Final assessment and clear recommendations
- Treat October 14, 2025 as a pivot: systems not updated or covered by ESU will enter a higher risk posture. Microsoft’s lifecycle page documents the date and ESU options. (support.microsoft.com)
- Use Kaspersky’s telemetry as a red flag — particularly if you are a Kaspersky customer — and reconcile its findings with your in-house inventory and other public trackers (StatCounter, ControlUp) before finalizing budgets and timelines. (kaspersky.com)

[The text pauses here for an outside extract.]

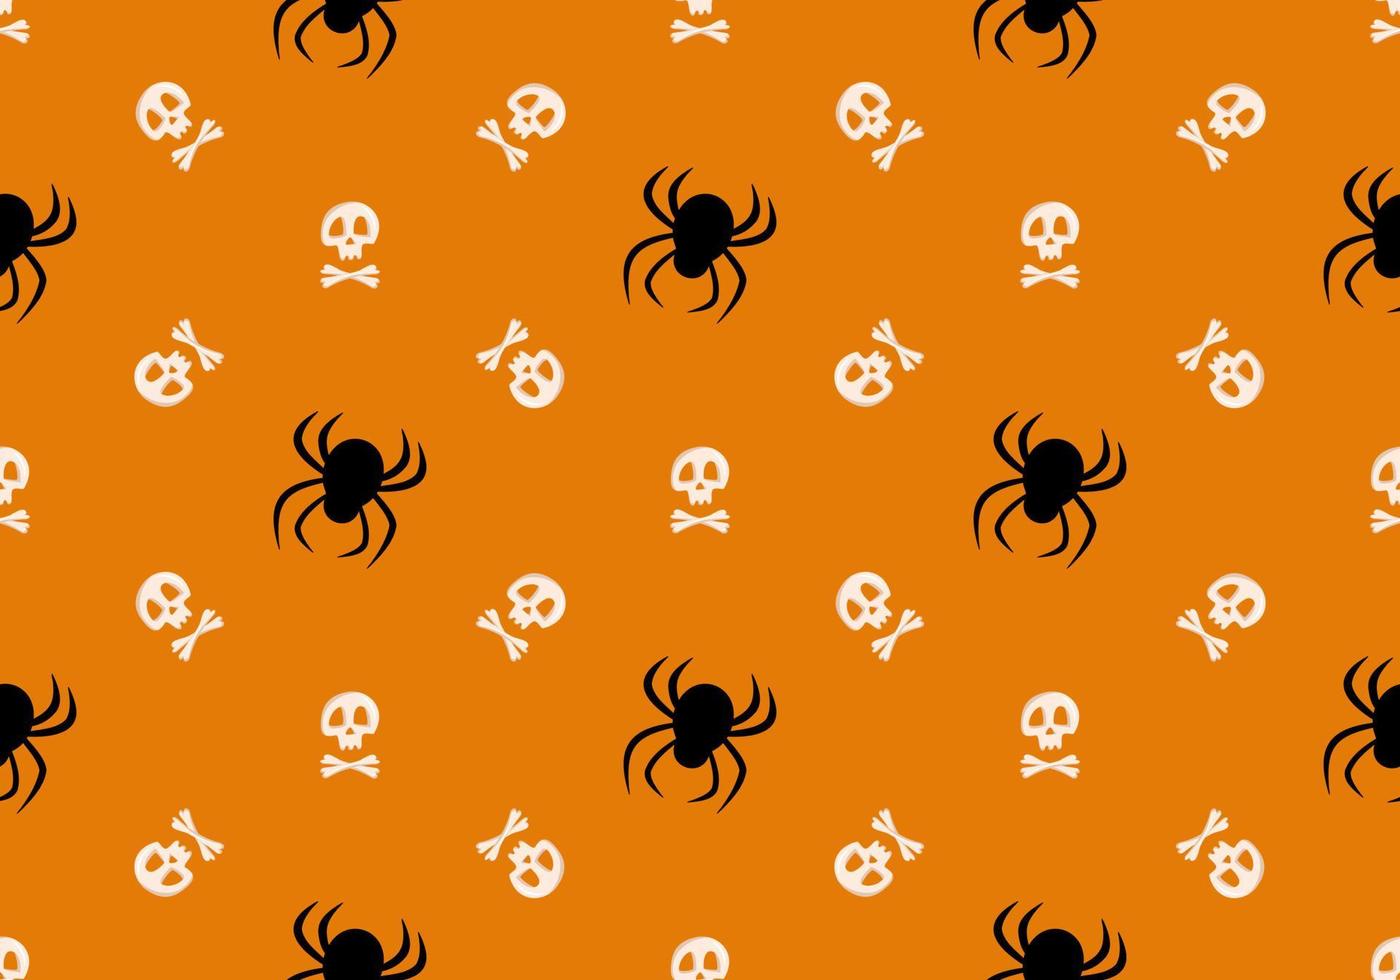 ljusa sömlösa mönster med skalle, korsade ben och spindlar på orange bakgrund. modetryck för barnfest, semester, halloween, textil och design vektor

- For organizations: inventory now, triage critical assets, pilot Windows 11 upgrades, budget for replacements where hardware is incompatible, and use ESU only as a temporary bridge. Harden all remaining Windows 10 machines while you migrate. (microsoft.com)
- For consumers: check upgrade eligibility, back up data, and either upgrade to Windows 11 where possible or enroll in the available consumer ESU options if you need more time. Consider Cloud PC or OS alternatives for older machines that cannot be upgraded economically. (microsoft.com)
- Do not rely on endpoint protection alone. Layered defenses reduce risk but cannot substitute for vendor security updates to the OS kernel and core components. Kaspersky and independent guidance converge on this point. (kaspersky.com)
Microsoft’s fixed deadline, Kaspersky’s telemetry-based warning, and independent market trackers together create a clear picture: migration is necessary, manageable if planned, and costly or chaotic if deferred. The next few months are the final window to convert strategy into action — inventory, triage, and begin migrations now to avoid entering a security posture built on unsupported foundations.